Le opere di Bradford non nascono da un’idea precostituita bensì da un immaginario ispirato alla pittura. Poche pennellate, tracciate all’interno di liquidi campi di colore, diventano arti, busti e volti di personaggi androgini. I loro corpi, realizzati con una palette radiosa e luminosa, indifferente ai limiti naturalistici, sono definiti dal colore, che svolge un’azione livellante e sfugge a etichette come quelle di genere ed etnia. Anziché rappresentare la fisicità soggettiva di persone vere e proprie, le figure hanno la possibilità di astrarsi, mentre l’audace spettro cromatico porta armonia nel rapporto pittorico e letterale che le lega. Questo aspetto risulta evidente anche nei dipinti con più soggetti correlati tra loro, le cui pose intricate mantengono un’umanità fisica ed emotiva grazie alle aure luminose che ne circondano la silhouette. In questi insiemi di blocchi orizzontali e verticali, le posture spigolose e a tratti goffe dei corpi costituiscono una sorta di impalcatura visivo-metaforica. Trasmettono l’idea di unità e di sostegno reciproco, definendo il singolo soggetto come un elemento di un gruppo sociale che si prende cura dei propri membri. In queste opere trapela l’esperienza personale di Bradford, mettendo in luce il suo impegno decennale nelle comunità di artisti a New York e nel Maine, e rivelano la sua convinzione per cui tutti gli esseri umani sono interconnessi.
Tre grandi dipinti esposti in occasione di questa mostra approfondiscono il tema dell’interazione fra persone e acqua, uno dei leitmotiv della pratica di Bradford. Le distese acquatiche blu scuro non presentano campiture che potrebbero rimandare a rive, orizzonti e cieli, mentre i corpi - distinti appena dalle leggere variazioni cromatiche della carnagione - sembrano fondersi con l’acqua che li circonda. Dissolvendo le forme figurative nella pittura liquida da cui sono composte, l’artista si avvicina ulteriormente a uno dei temi fenomenologici che più la appassionano, e che ha descritto come l’aspirazione a “inglobare il corpo umano nella pittura, e quindi nell’acqua”. Questi lavori eludono l’espressione pittorico-narrativa per concentrarsi sulla fluidità della poesia, e la fusione fra medium e soggetto – fra significante e significato – consente un’interpretazione ancora più universalistica della visione che Bradford ha del genere umano.

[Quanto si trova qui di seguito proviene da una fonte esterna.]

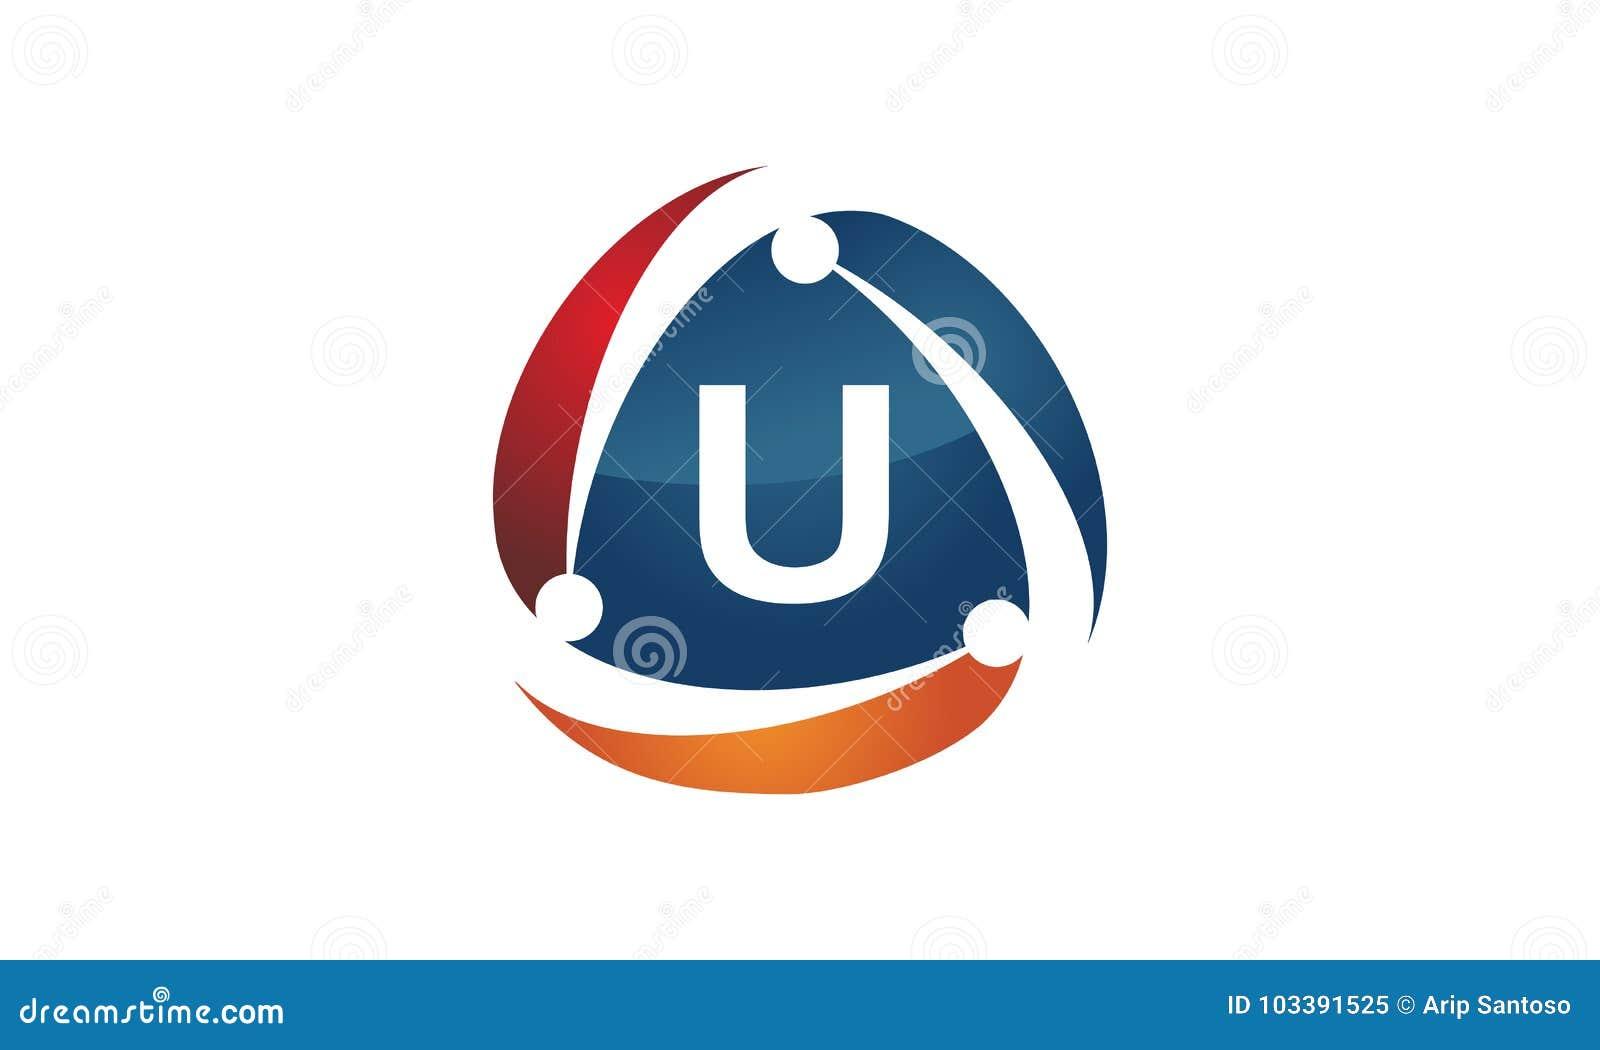 online marketing business distribution technology letter u stock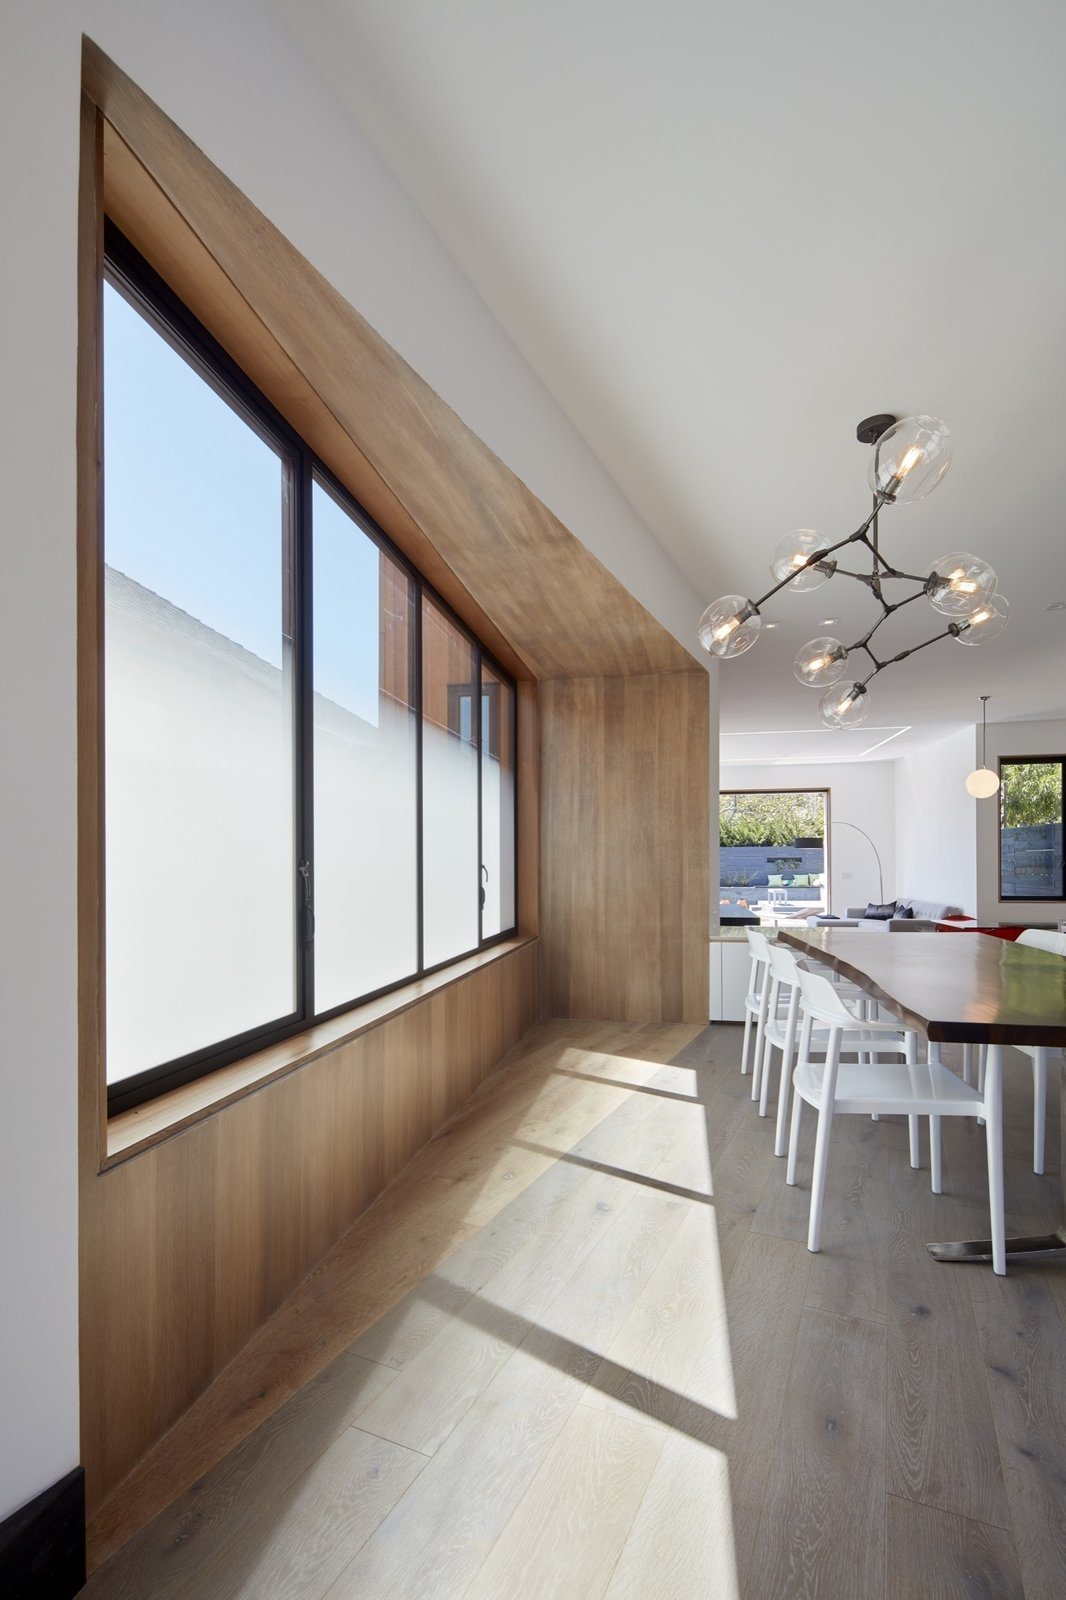 Dining Room, Chair, Pendant Lighting, Table, Accent Lighting, and Light Hardwood Floor  Noe Valley House

Katherine Bradford (New York, 1942) vive e lavora a New York. Le sue opere sono state esposte a livello internazionale, tra gli altri: Kunsthalle Emden, Emden (2024) Halle fur Kunst, Graz (2024); Frye Art Museum, Seattle (2023); Portland Museum of Art, Portland (2022); Hall Art Foundation, Reading (2021); Carpenter Center for Visual Art, Cambridge (2021); Tang Teaching Museum, Skidmore College, New York (2020); Crystal Bridges Museum of American Art, Bentonville (2019); The Brooklyn Museum, New York; Ogden Museum of Southern Art, New Orleans (2017-18); Modern Art Museum of Fort Worth, Fort Worth (2017); MoMa PS1, New York (2007). Le sue opere sono incluse in numerose collezioni, tra cui Musée d’Art Moderne, Paris; the Metropolitan Museum of Art, New York; The Brooklyn Museum, New York; Dallas Museum of Art, Dallas; the Menil Collection, Houston; Institute of Contemporary Art, Boston; and the Portland Museum of Art, Portland.